“Everything, Everywhere, All At Once” is a busy movie for a busy generation, one so caught up with school, work, mental health struggles, social media, economic instability, threats of war and hunting for Taylor Swift tickets that even if we cling onto some sort of inherent meaning in our lives, we feel like we’ll never have the chance to figure out why we do so. Not simply an inventive, breathlessly-paced mix of “The Matrix,” 2010’s internet humor and Korean romance films, it wants to be a light for our times, a be-all-end-all statement on reclaiming our purpose when purpose itself seems dead. Does it work? Not completely, but it’s a decent attempt.
The movie revolves around Evelyn Wang (Michelle Yeoh), a Chinese immigrant who runs a laundromat under threat of closure due to an IRS audit. Messing with the tax obligations of a US citizen is already a lot for her to handle, but there’s more: her husband Waymond (Ke-Huy Quan) wants a divorce, her daughter Joy (Stephanie Hsu) is dating a (white!) girl, and her father “Gong Gong” (James Hong), who has already disowned her for leaving China, has arrived to visit. Right from the start, you’re thrown into her disorganized world with quick camera cuts, a nervously jangling score, and scattered dialogue. It may be all too much to handle; one could take a character’s in-world reminder to “just breathe” as a suggestion for themselves.
Then, the multiverse comes in. During a visit to the IRS office, the normally meek Waymond snaps into “Alpha” Waymond, a version of himself from a universe where Evelyn has discovered the ability to jump between alternate selves and claim their abilities. He needs this universe’s Evelyn to learn how to control the power in order to fight Jobu Tupaki, the “Alpha” version of her daughter Joy who has built a machine that can seemingly prove the non-existence of meaning in life.

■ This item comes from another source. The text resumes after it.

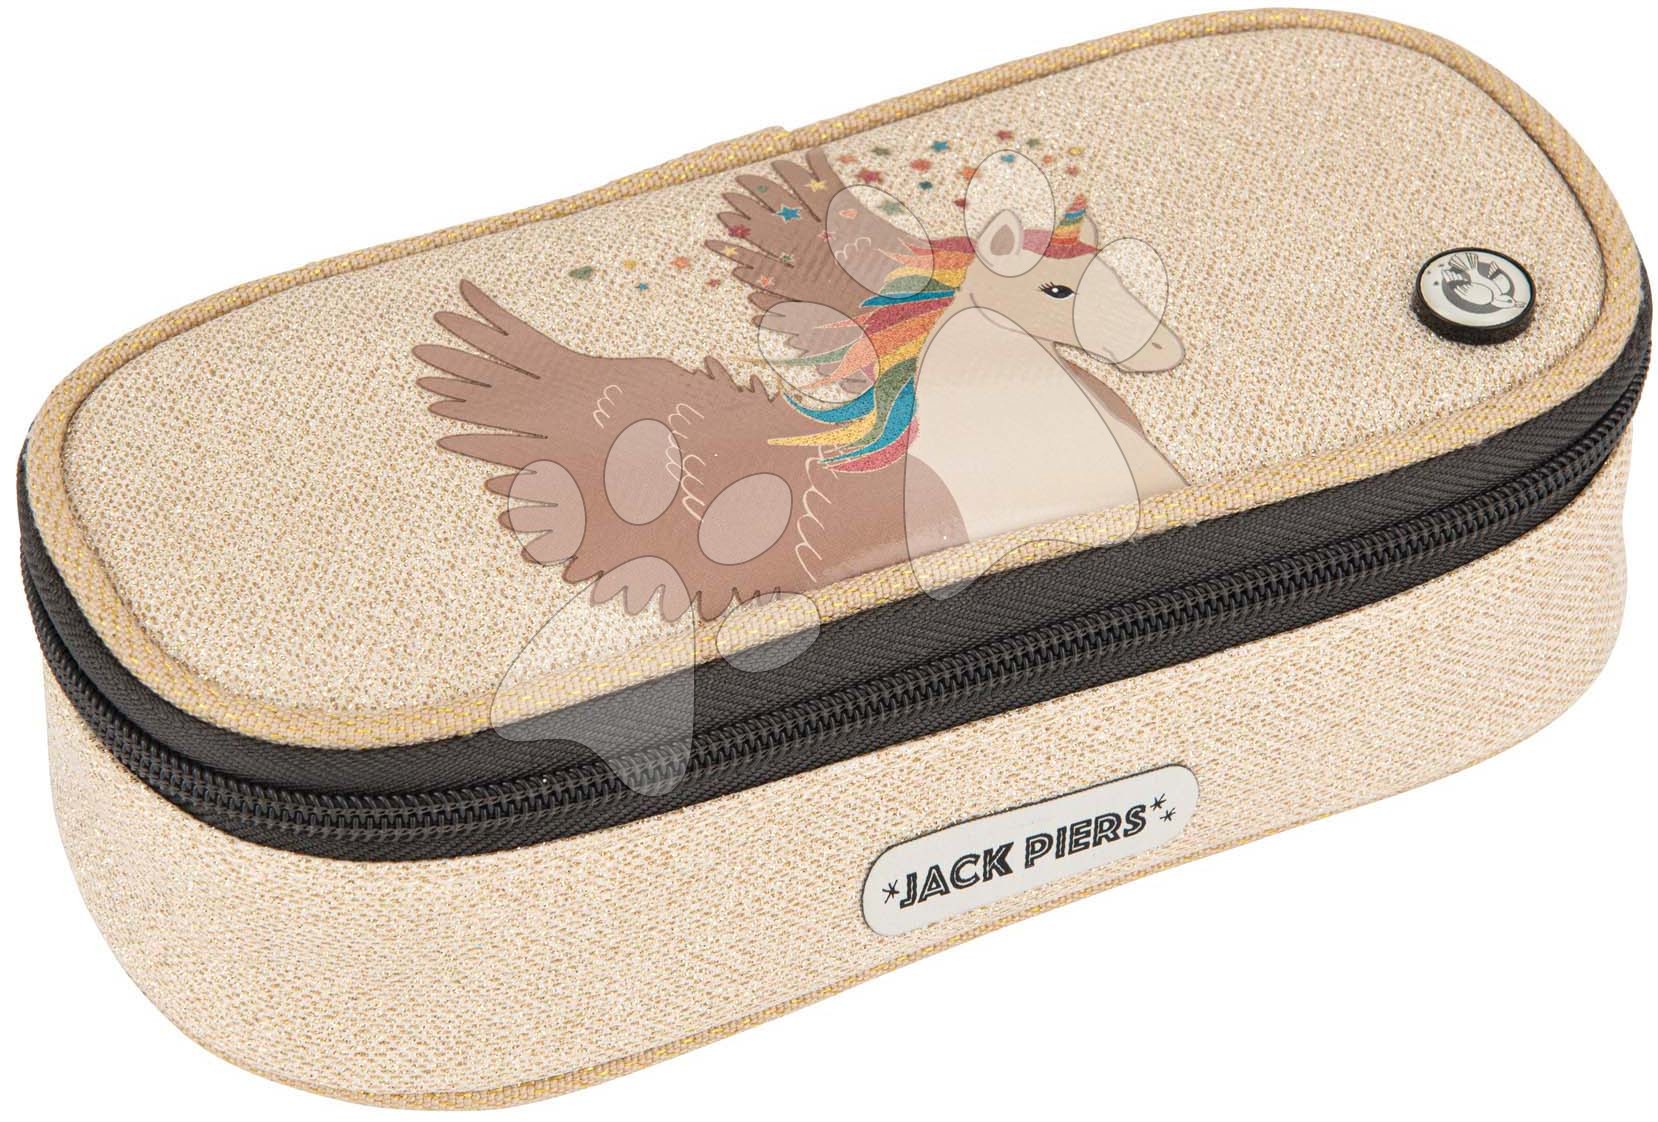 Tolltartó Pencil Case Unicorn Jack Piers ergonomikus luxus kivitel 2 évtől  20*6*9 cm Baba játék webáruház - játék rendelés online
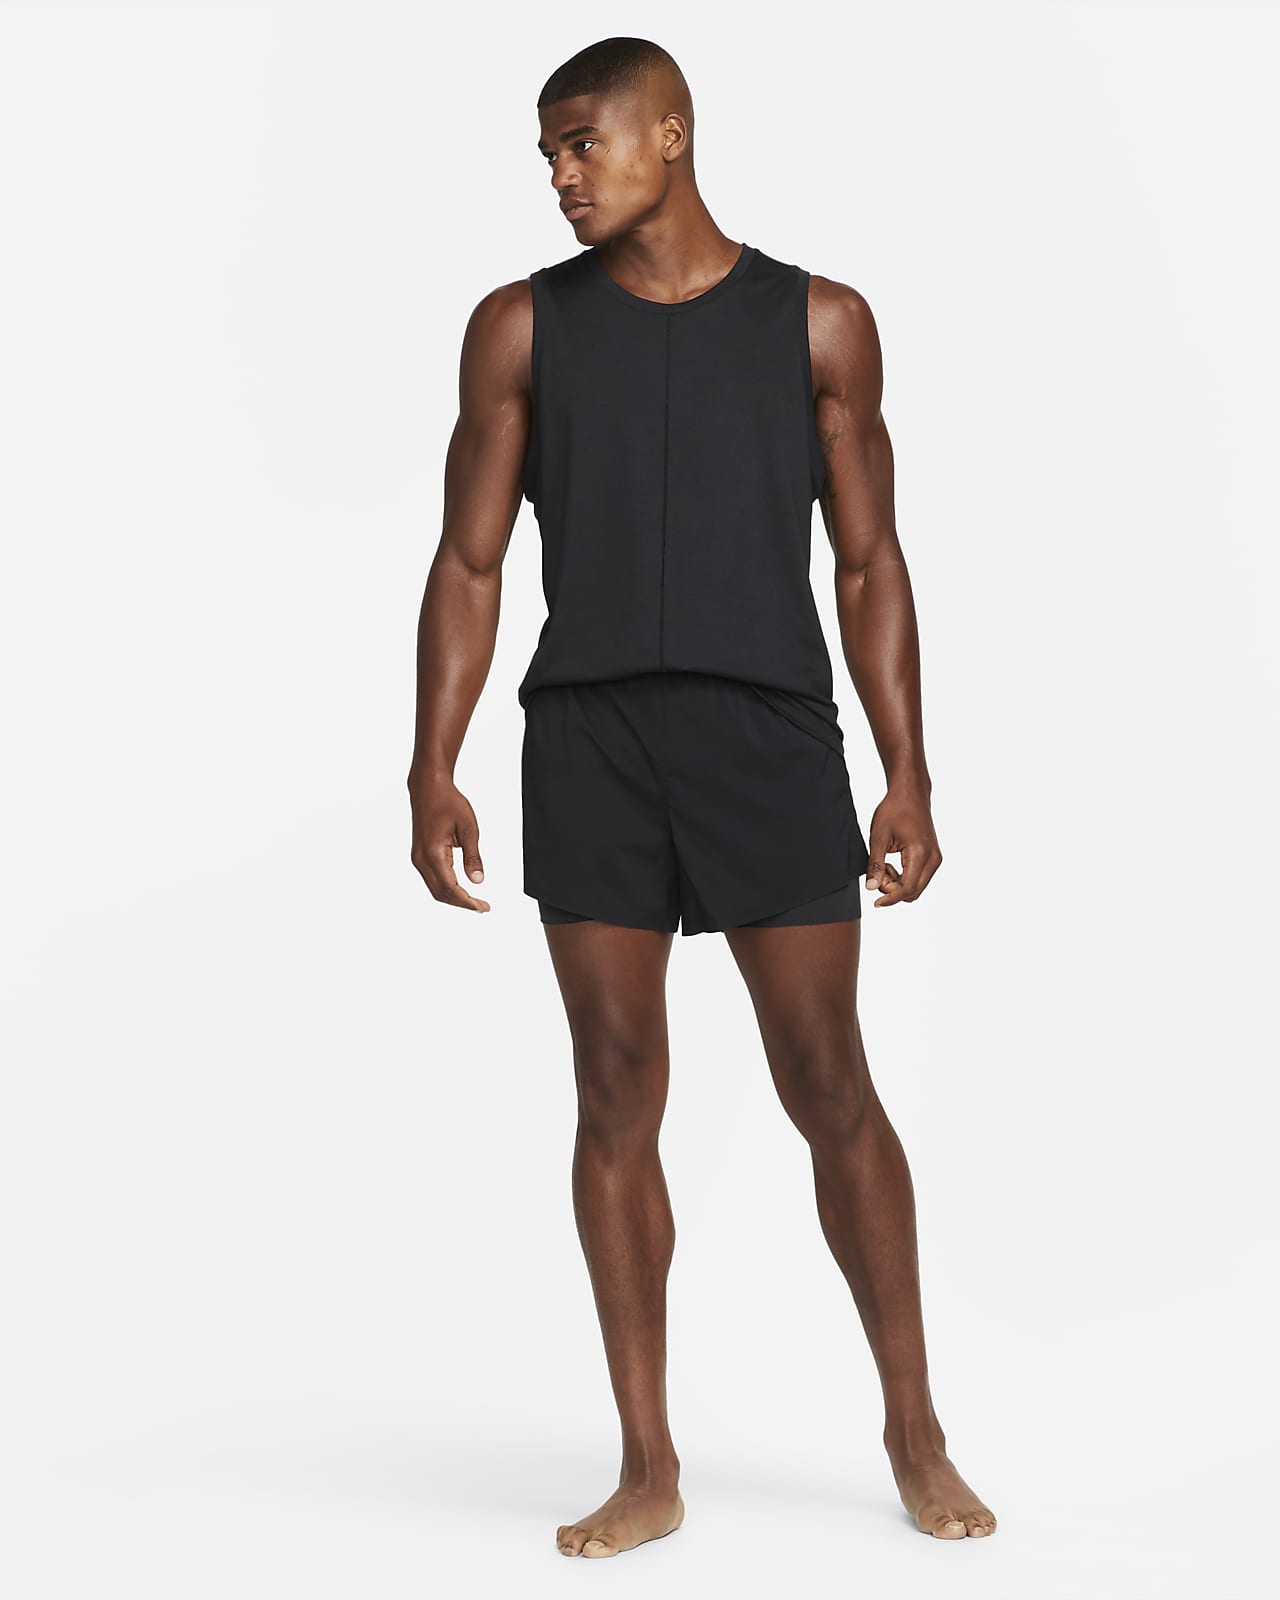 Nike Yoga Men's Hot Yoga Shorts. Nike BE

While the “multiverse” has been rather popular in media for some time now, the Daniels — Daniel Kwan and Daniel Schienert, directors of this movie as well as the “Turn Down For What” music video — use it to a greater extent than anyone before, opening up countless jokes and ideas that range from wonderfully strange to grounded and poignant.
These include a world where Evelyn is a chef facing off against a newcomer controlled by a racoon — based off a mispronunciation of “Ratatouille” earlier — one where she learns kung-fu and becomes the star of movies like “Crazy Rich Asians” and “Everything, Everywhere, All At Once,” and yet another where evolution has shaped human fingers after hot dogs. Some ideas have better execution than others, but none are simple cutaways; the Daniels fill the movie with symbolism and dialogue that connect every little possibility to each other, and it would take several re-watches to catch all of them.
Moreover, Yeoh and Quan take advantage of this variety to give fantastic performances, melding into the absurd multiversal situations, more dramatic and emotional domestic plots, and bravely choreographed fight scenes with ease.
As wild and fun as these scenarios can be, though, the Daniels aren’t content with the movie just being a long highlight reel. Instead, they want to find a meaningful core in everything they’ve set up, reaching out for one universal truth to fight off the persistent nihilism that threatens all of it. Every little character and universe they’ve shown, racoons and hot-dog fingers included, is given a serious arc in order to prove that the power of love shines through all of it.
It’s somewhat successful; some of the plots are simply too absurd to be taken seriously when they want to be, while others, like the wonderful actor plot that homages Hong Kong director Wong Kar-Wai, genuinely work. Yet the grand point it looks for ends up being pop-existentialism, little more than “c’mon man, just love people!”
It isn’t concerned with being very philosophical because it assumes that we’re too insignificant to know what’s going on. Maybe it’s not entirely unsound; it’s rare to see a movie that has such empathy for humanity, and it works as a sharp contrast to the pessimism taken for granted in many movies today. If someone’s looking for hope that people can be good at all, this movie does a good job to at least show the first steps toward that. Yet it wants to be more important than it actually is, and while its substance may pull one’s heartstrings, there’s not too much to grasp outside of it.
It’s great to live in a world where a movie like this can have such a wide appeal. If many modern Hollywood movies can seem sterile and corporatized, meticulously crafted to check off standardized boxes and serve nothing more than some entertainment and a good box-office gross, “Everything, Everywhere, All At Once” rebels with anarchistic glee, showing love to the past while paving the way forward for creative, non-franchise fare in theaters. Just don’t go in expecting a savior for your problems, or you’ll leave disappointed.